[Task objective]:
The data below is to be written out exactly, with no pictures.

[Data provided]:
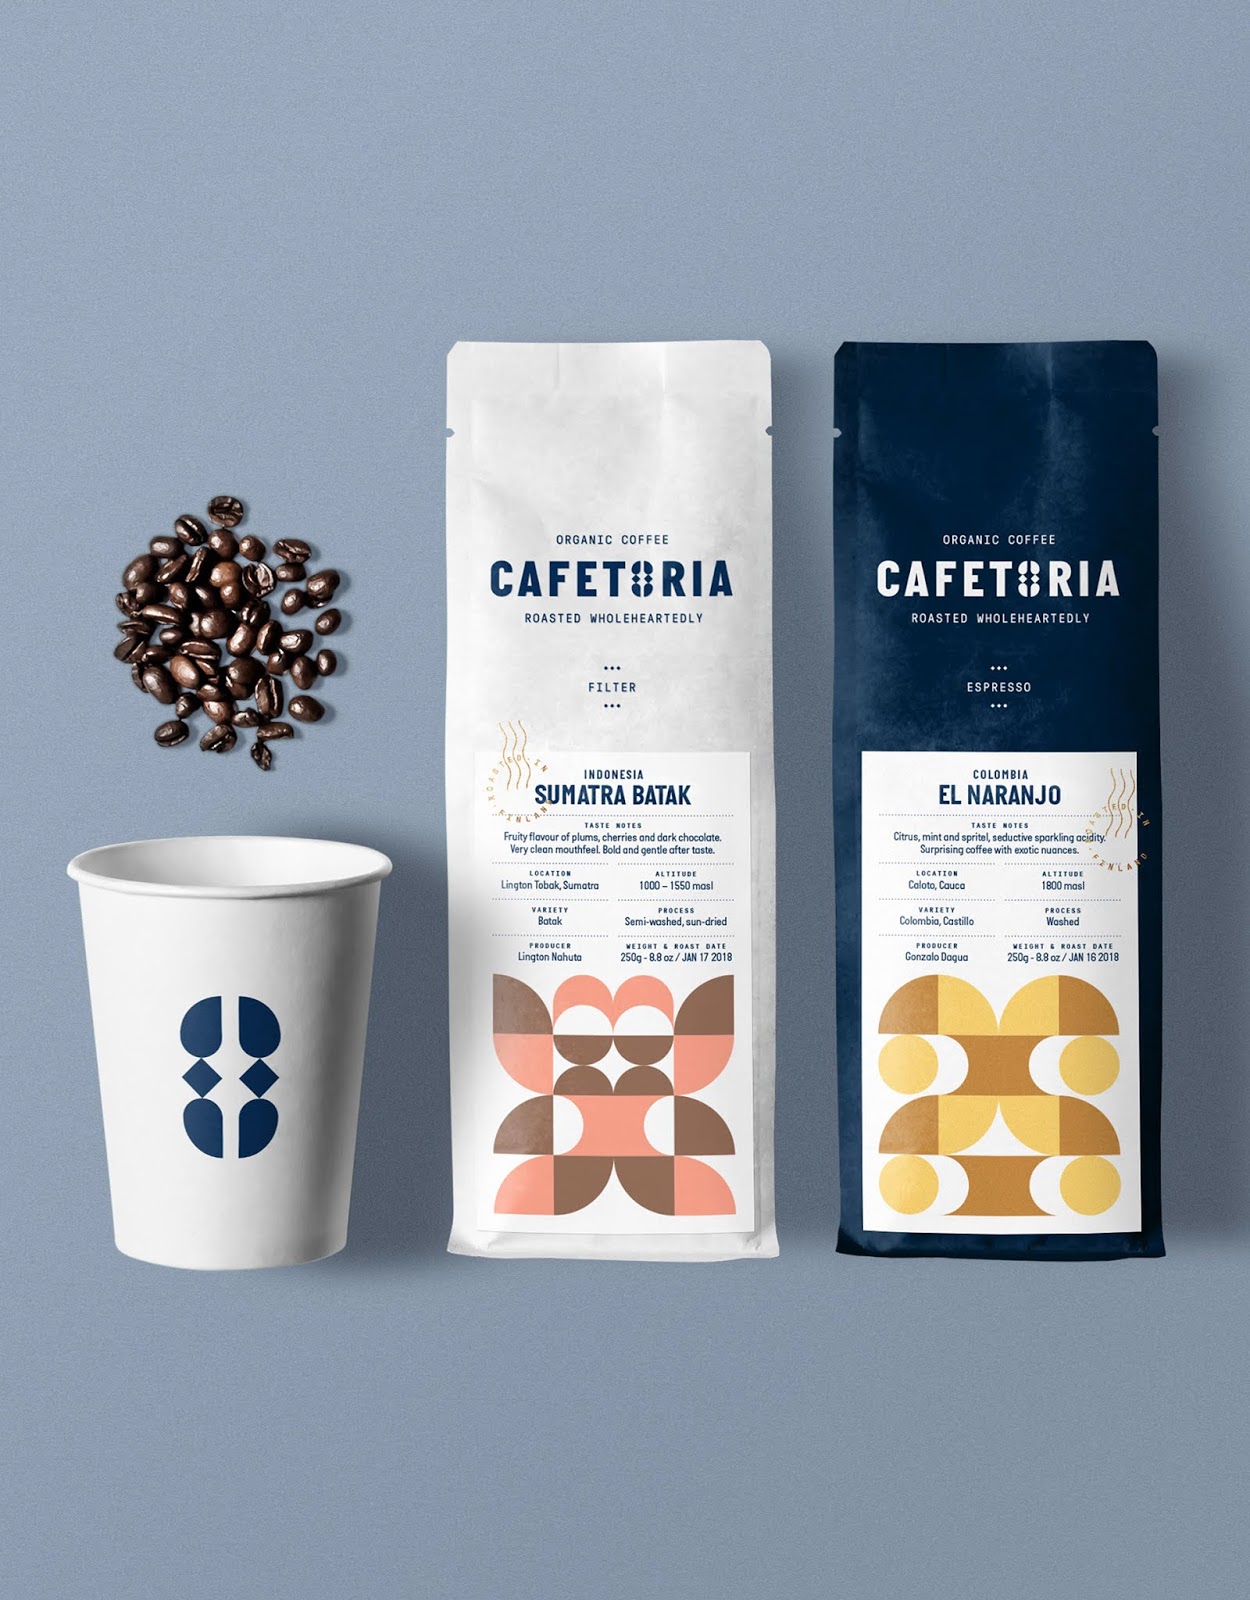 美洲小型咖啡西安oe欧亿体育app官方下载
品牌包装设计
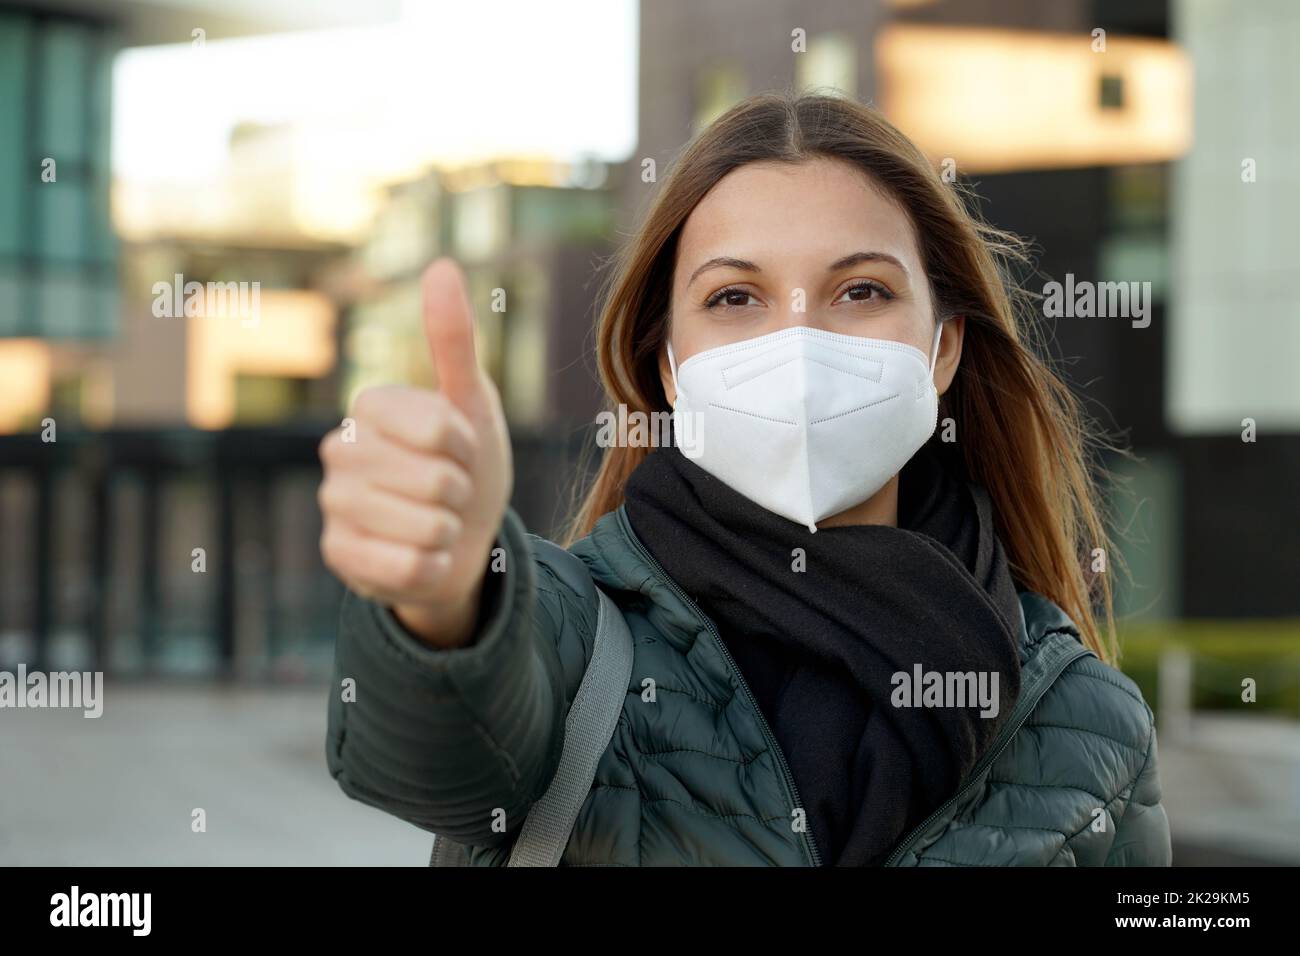 Giovane studentessa ottimista che dà i pollici in su il gesto. Indossa una maschera protettiva (DPI) per evitare l'inquinamento atmosferico o la pandemia di coronavirus per motivi di sicurezza. Foto Stock

[Exercise solution]:
 美洲小型咖啡西安oe欧亿体育app官方下载
品牌包装设计
 Giovane studentessa ottimista che dà i pollici in su il gesto. Indossa una maschera protettiva (DPI) per evitare l'inquinamento atmosferico o la pandemia di coronavirus per motivi di sicurezza. Foto Stock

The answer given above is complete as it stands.